Every inmate booked into the county jail is eligible to be evaluated for pretrial release, Weigand said. The process starts with a questionnaire inmates are asked to complete when they are booked into jail. It asks newly arrested inmates if they have a place to live, a job, are residents of the county, names of others living at the person’s residence and phone numbers of those who can verify living arrangements.

That information is then scored on a risk assessment evaluation form with the applicant’s current charges and criminal history. The assessment not only determines if the applicant is released but also what level of supervision they will be subject to once they go home.

It’s a much fairer, safer system than releasing inmates because they have the means to raise money for a cash bond, Brouwer said.

“What we have put in place here is as close as you can get to an evidence-based, validated program, which the key really is public safety,” he said. “When we follow this process and make decisions about who we release, we are releasing the right people and keeping the right people in jail.”

The goal of her staff is to have evaluations and recommendations available for a judge to review when an inmate makes a first appearance in court, Weigand said.
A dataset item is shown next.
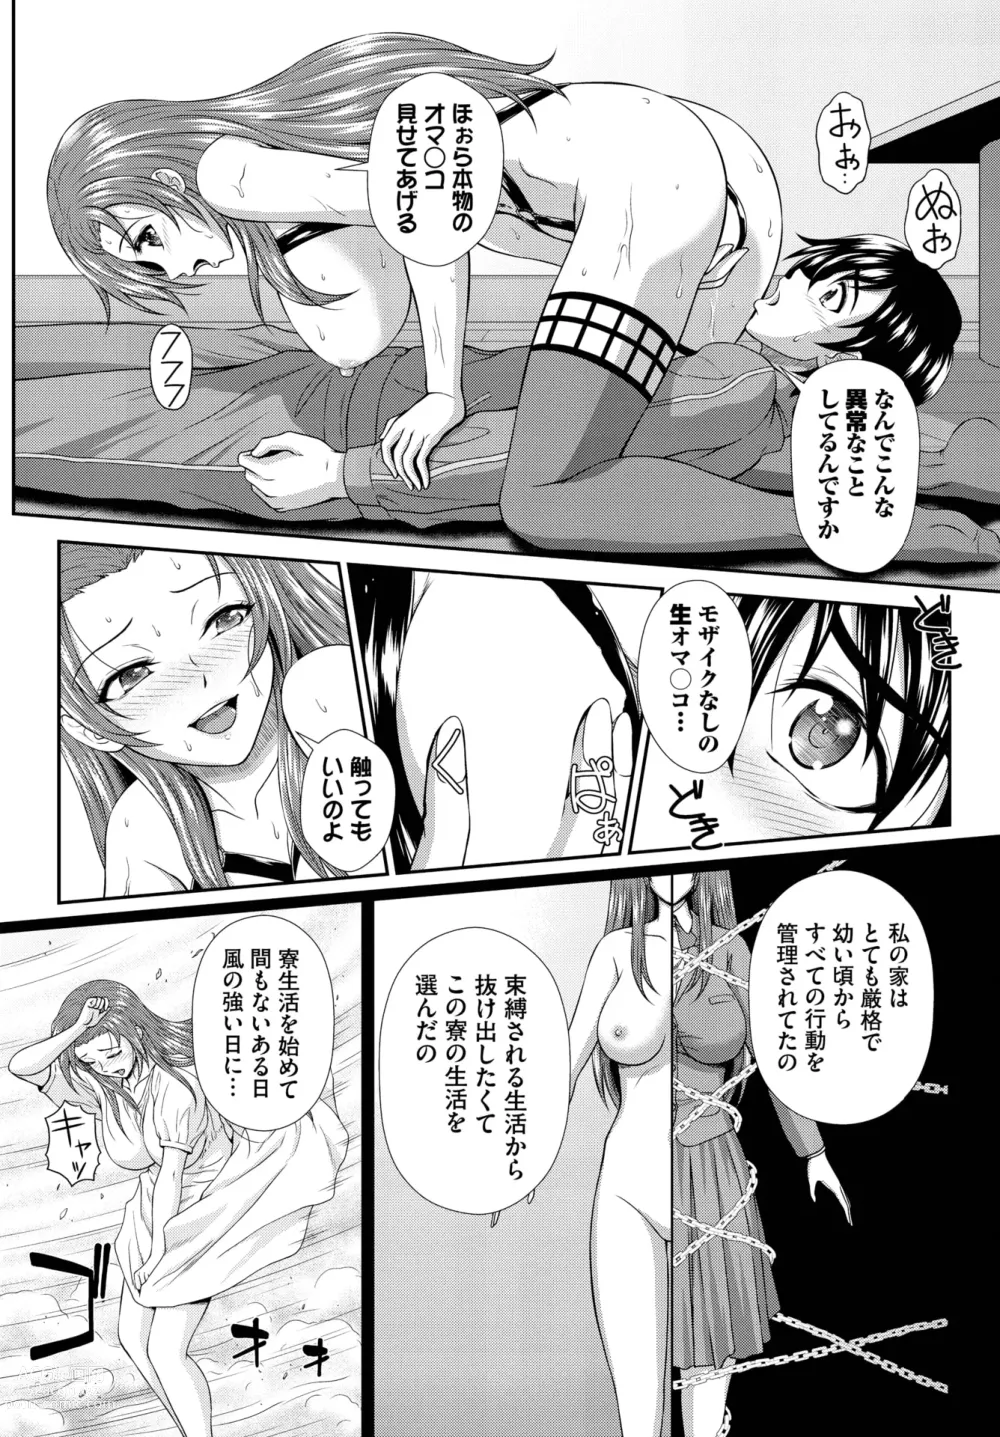 Page 230 of manga Dascomi Vol.25

The judge can, of course, alter the recommendations, sometimes at the request of the District Attorney’s Office.

The lowest of the pretrial program’s five levels of supervision requires her staff to only inform participants of court dates and monitor them for further arrests, Weigand said. Steps up the supervision ladder include more active monitoring with required telephone check-ins, periodic case management meetings and substance abuse testing.

The role of monitors

Electronic monitors in the form of ankle bracelets are an option in the third level of “intensive” supervision, which can also include surveillance. Electronic monitors are required for every charge involving violence or for a released inmate with two or more past violent convictions. Monitors are a required feature of the fourth and fifth levels of supervision. Both confine participants to house arrest, although the fourth level does allow the participant to go to work. The fifth level requires a cash bond.

On Feb. 2, 49 of 92 pretrial release participants were classified in the lowest two supervision levels; 41 were assigned third-level intensive supervision; and there was one participant each in the fourth and fifth levels of high-risk maximum supervision, Weigand said.
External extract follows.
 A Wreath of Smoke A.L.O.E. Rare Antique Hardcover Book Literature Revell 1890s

The GPS-equipped electronic monitors allow judges to impose a range of restrictions on released inmates both before and after trials, Weigand said. They can be used to enforce curfews, ensure compliance orders to stay clear of certain areas, allow the pretrial defendant to go to work and stay employed or restrict a person to a tight home confinement. They can be used in tandem with drug use-detecting sweat patches or an in-home breath analyzer with facial-recognition software.

“The technology is pretty amazing,” Weigand said. “It’s less restrictive than being in jail. There’s no privacy there.”

Electronic monitoring also costs the county much less than incarceration, Weigand said. It cost the county $20,000 to have her staff supervise the 88 people ordered in January to some level of house arrest and another $15,000 for their monitoring devices. It would have cost the county $162,000 to incarcerate those individuals in the county jail.

“There’s no comparison,” she said. “The savings are huge.”

On March 2, Weigand reported that in the previous week, only two of the 109 pretrial release participants failed to comply with the conditions of their release or were arrested on new charges. Although the program has not been established long enough to develop good performance data, that week’s noncompliance rate was consistent with the success rate of an established program, Brouwer said.

“We modeled the program off one in Johnson County,” he said. “It has a 2 percent failure rate.”